In the following stage, the DNA in the region from position -11 to +4, which partially overlaps with the -10 element, melts in a process called isomerization, the mechanistic details of which are unresolved but probably include several kinetically distinct intermediate states. Once separated, the two DNA strands take different paths, with the template strand approaching the active site of the RNA polymerase and the non-template strand being held by conserved aromatic residues in region 2.3 of the σ factor that had previously been implicated in DNA melting [20]. The σ factor may also play a role in the next stage, that of de novo RNA synthesis, by donating a disordered loop from the σ3-σ4 linker into the active site of the RNA polymerase; this might perhaps stabilize the initiating nucleotide [15]. Alternatively, the disordered loop may stabilize the open complex by preventing reannealing close to the transcription start site [21]. Finally, after a nascent RNA of 8-10 nucleotides has been synthesized, the σ factor is released or moves out of the way to allow elongation to proceed further and RNA polymerase to escape the promoter.
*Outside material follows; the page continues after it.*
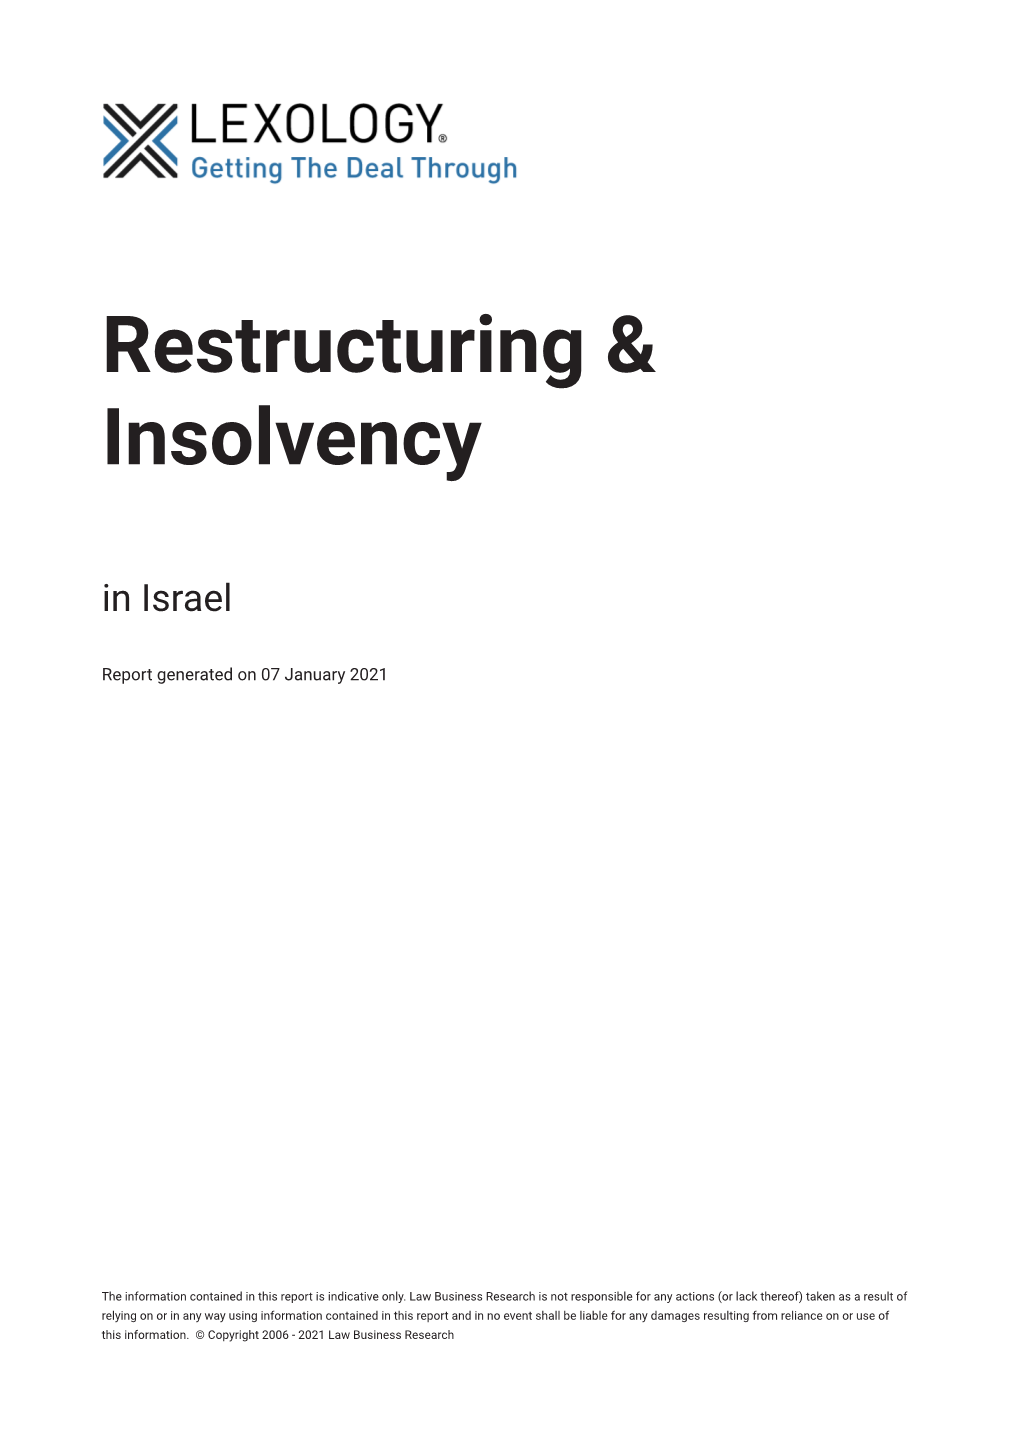 Restructuring & Insolvency in Israel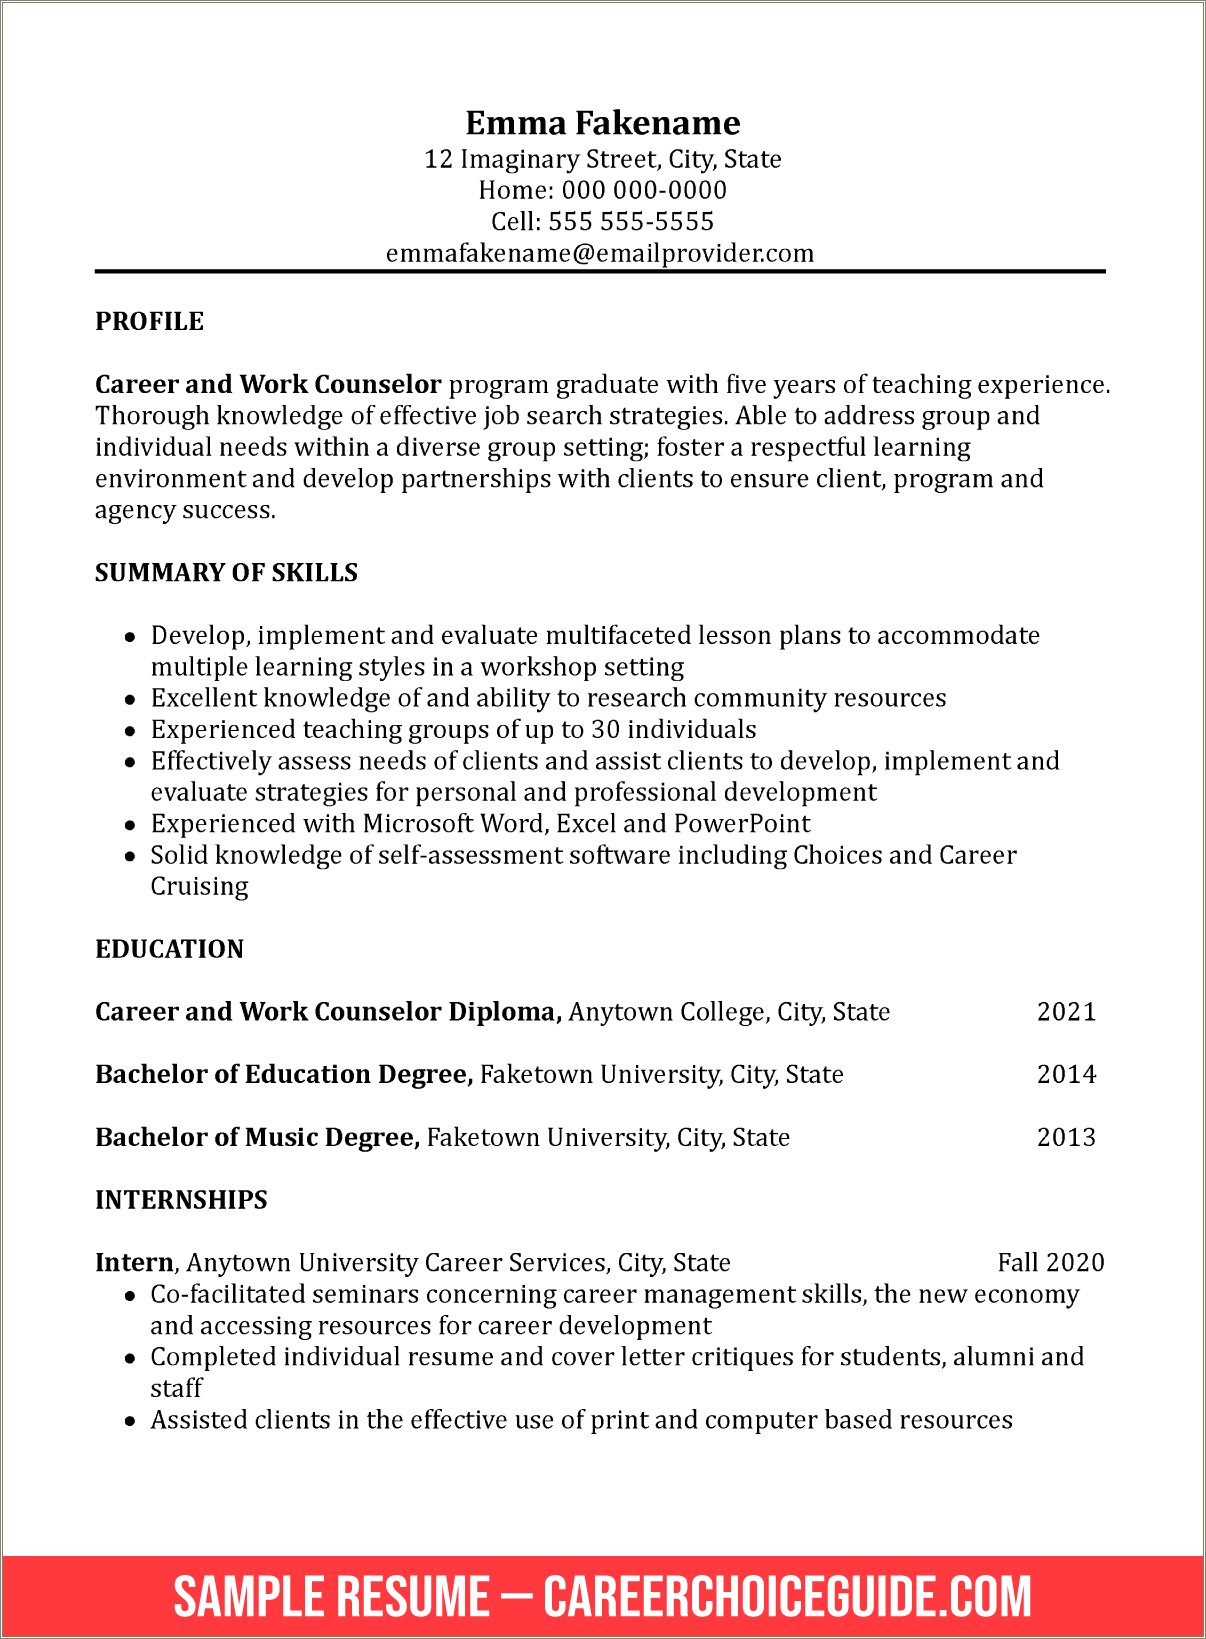 2019 Recent Resume Examples Career Changer

The discovery that the σ3-σ4 linker is located in the RNA exit channel of the RNA polymerase suggests a mechanism of promoter clearance that involves the nascent RNA displacing the linker, in turn weakening the interaction between the core RNA polymerase and the σ4 domain and ultimately the rest of the σ factor [14,15]. Interestingly, σ70 of E. coli can in some instances interact with the exposed non-template strand early in the elongation process, and these interactions can lead to transient pausing of the elongation complex [22]. Furthermore, recent evidence suggests that σ70 may remain associated with the core RNA polymerase complex during the elongation process [23,24].

Frontiers

The recent structural information on primary σ factors has had a major impact on our understanding of the mechanistic role of the σ70 family of σ factors in transcription initiation. Numerous puzzles remain, however. It is not clear how transcription-activator proteins can modulate the complex conformational changes that accompany promoter recognition and melting. The timing and extent of release of the σ factor during the transition to the transcript-elongation phase is a topic of continuing controversy. Finally, the extent to which σ factors might be retained in early, or perhaps later, elongation complexes and might mediate a sequence-responsive pause in transcription is not resolved. Although a reasonably detailed picture of the action of σ70 can now be envisaged, the sequence divergence noted within the σ70 family raises questions about how other family members mediate promoter recognition and melting and how they interact with their regulators. Finally, the many bacterial genome sequencing projects have revealed a huge gap in our understanding of the biological function of the many newly discovered σ factors. Even in some of the best characterized model systems, such as B. subtilis, there is a frustrating lack of knowledge regarding the regulation, roles, and possible redundancies among the various σ factors.